States like Massachusetts, Oklahoma, Florida, Pennsylvania, Ohio, Michigan, and Illinois are seeing tremendous revenue gains and job growth. Mature cannabis markets such as Colorado, Washington, California, and Oregon continue to steadily grow and provide new jobs.

Cannabis jobs also tend to pay slightly higher salaries compared to similar positions in the non-cannabis industries. For instance, budtenders can earn higher wages than a retail employee in a department or grocery store.

Cannabis still isn’t legal on a national level, which means you’ll have to traverse the often confusing patchwork of cannabis laws that vary by state. Understanding the industry, however, can put you in a better position to succeed.
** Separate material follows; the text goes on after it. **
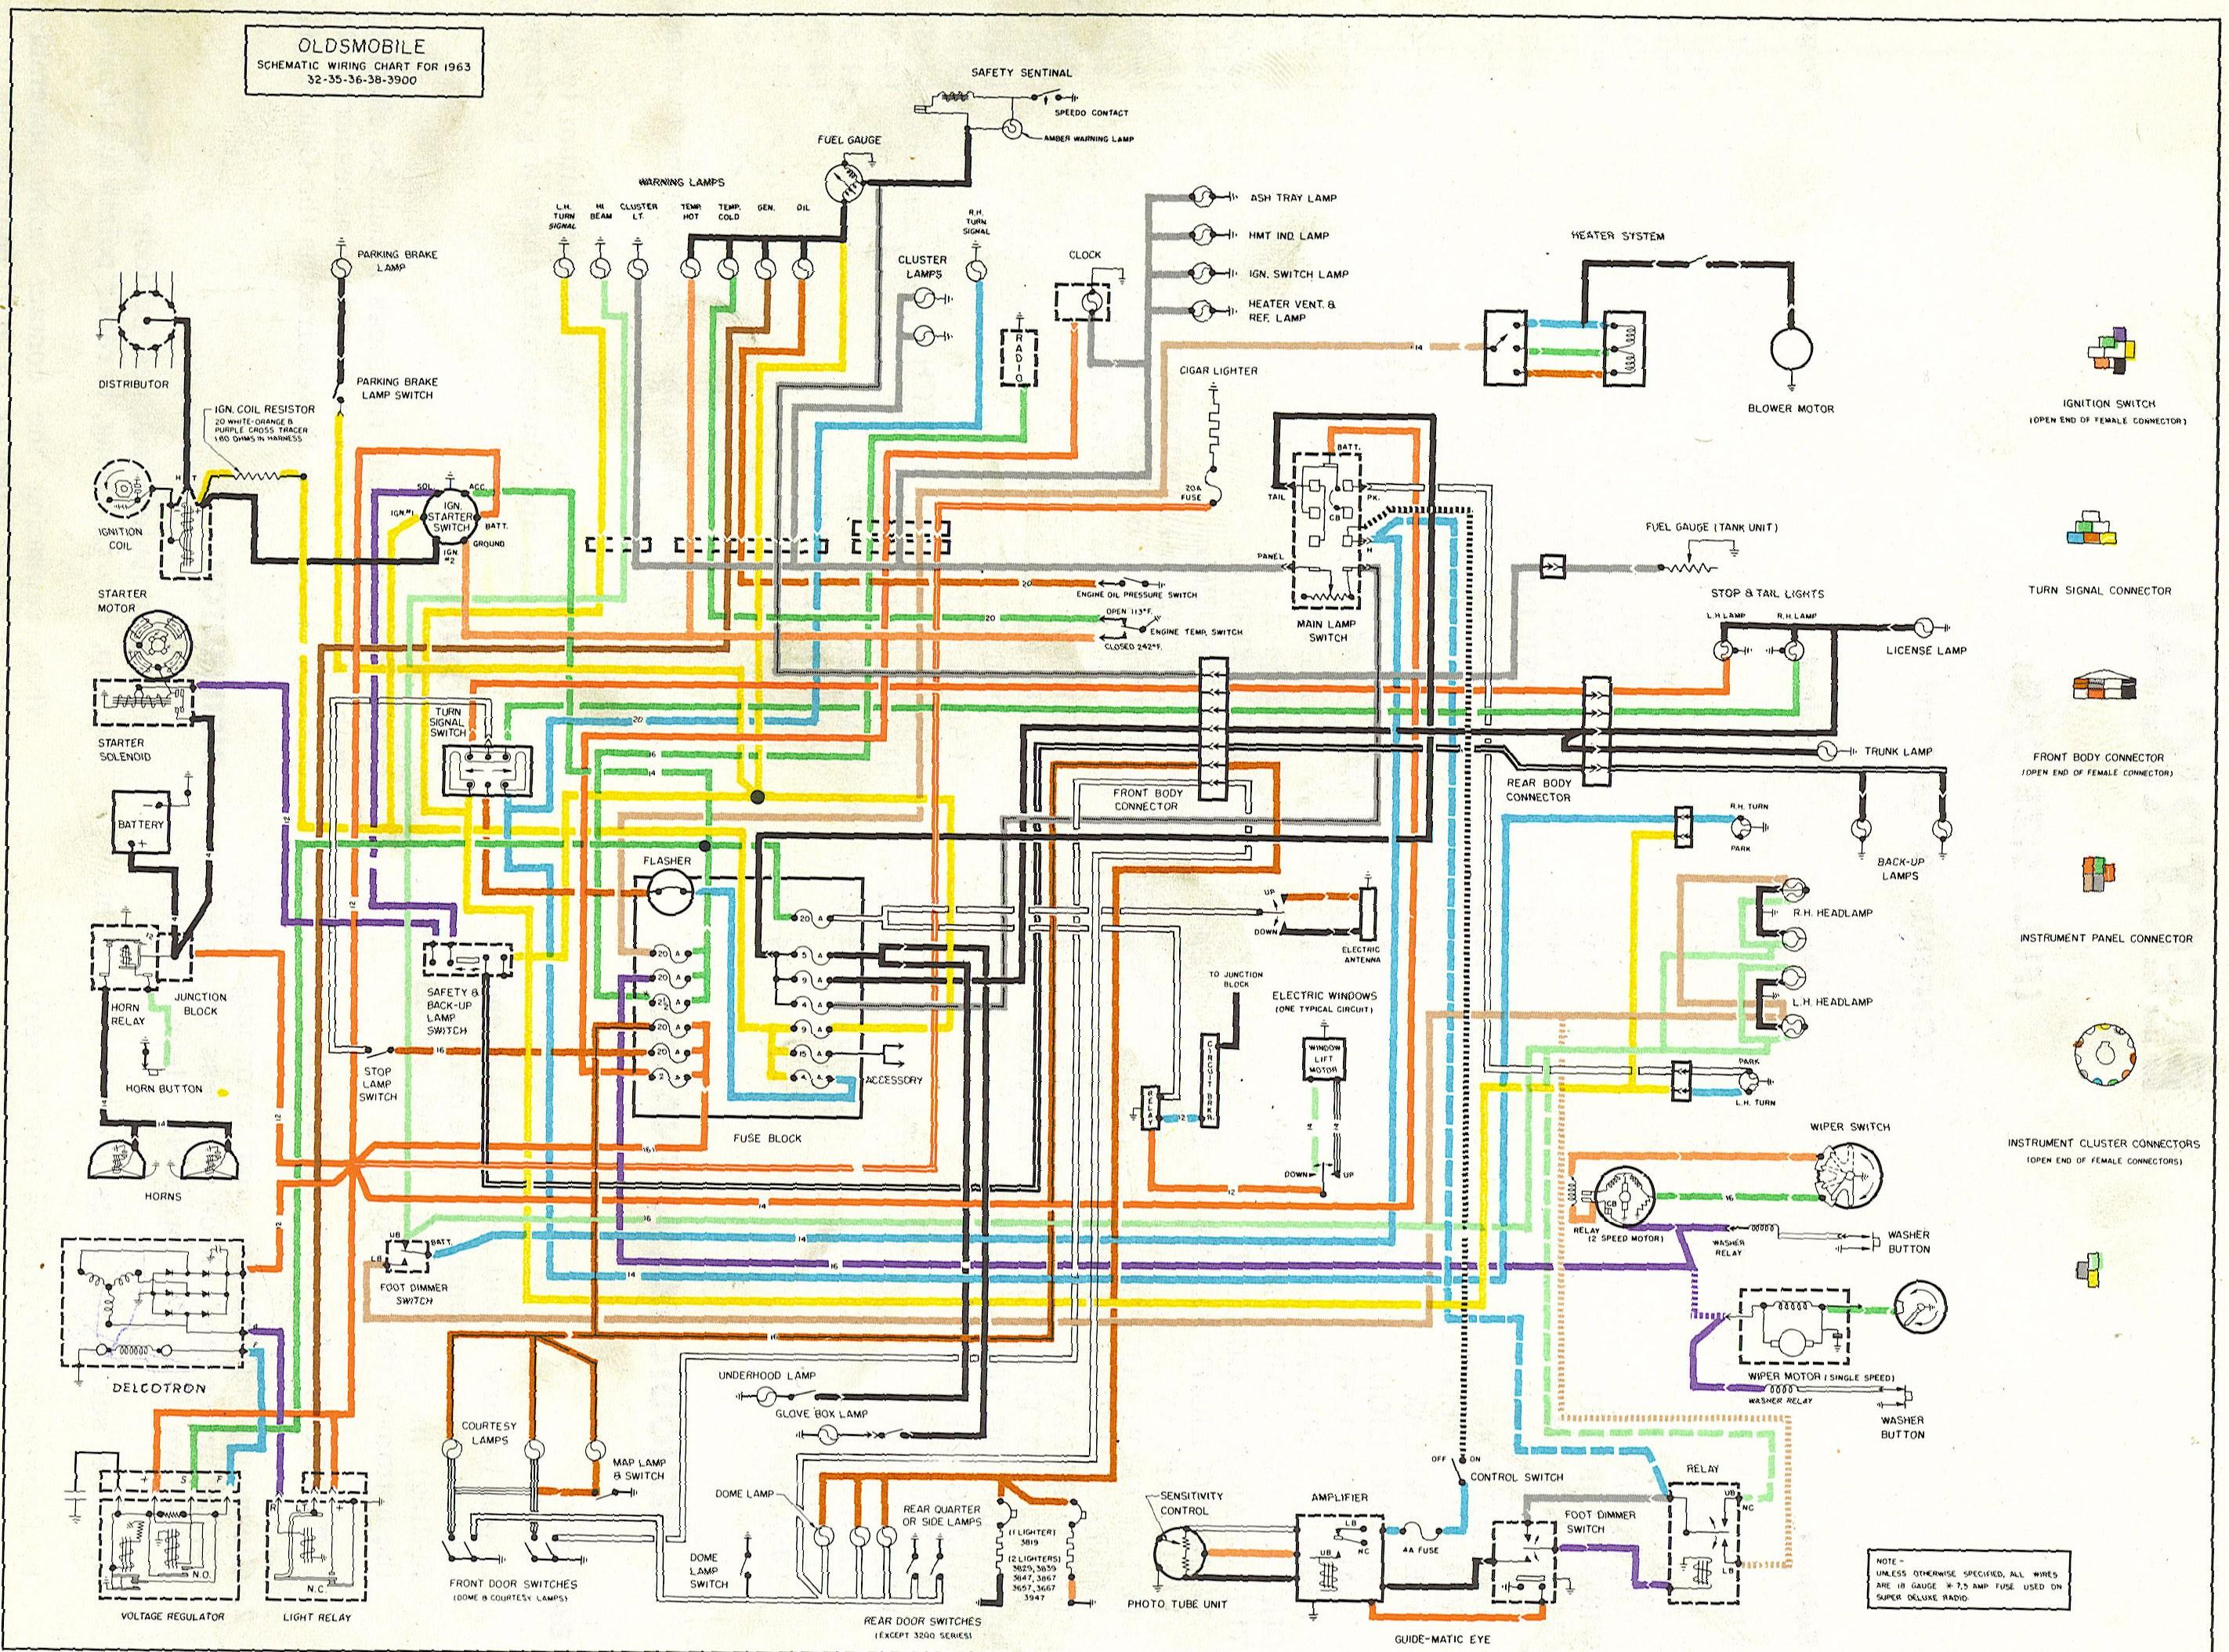 2002 oldsmobile intrigue wiring diagram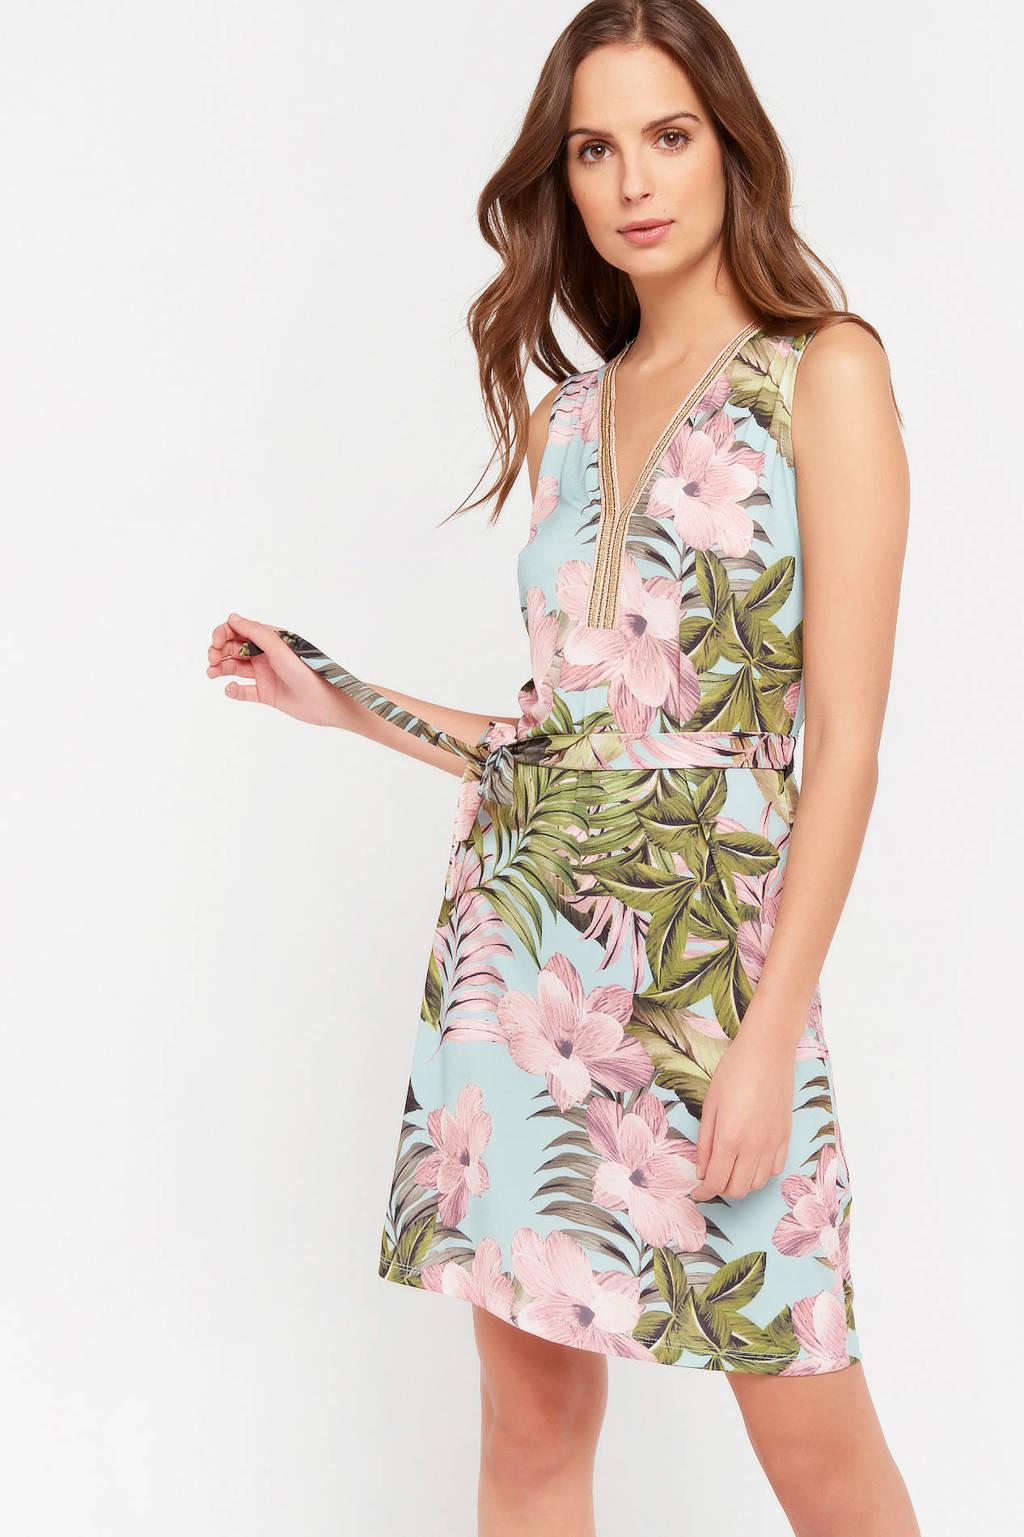 LOLALIZA gebloemde jurk blauw/roze, Blauw/roze

How to Get a Job in the Cannabis Industry.. Man tending to weed plants.

How to Get a Job in the Marijuana Industry

Millions of people are growing more and more interested in working in the legalized cannabis industry around the world. Still, many of them remain unsure of the ideal way to get their foot in the door.

Combining advice from cannabis business hiring managers with our staffs personal experience, we’ve put together a detailed list of tips to help professionals land that marijuana job they are looking for.

Choose Your Area of Interest

Budtenders work at medical and recreational dispensaries and guide customers through their sales journey. Budtenders may answer questions, recommend products, and describe strains in a friendly and educational manner.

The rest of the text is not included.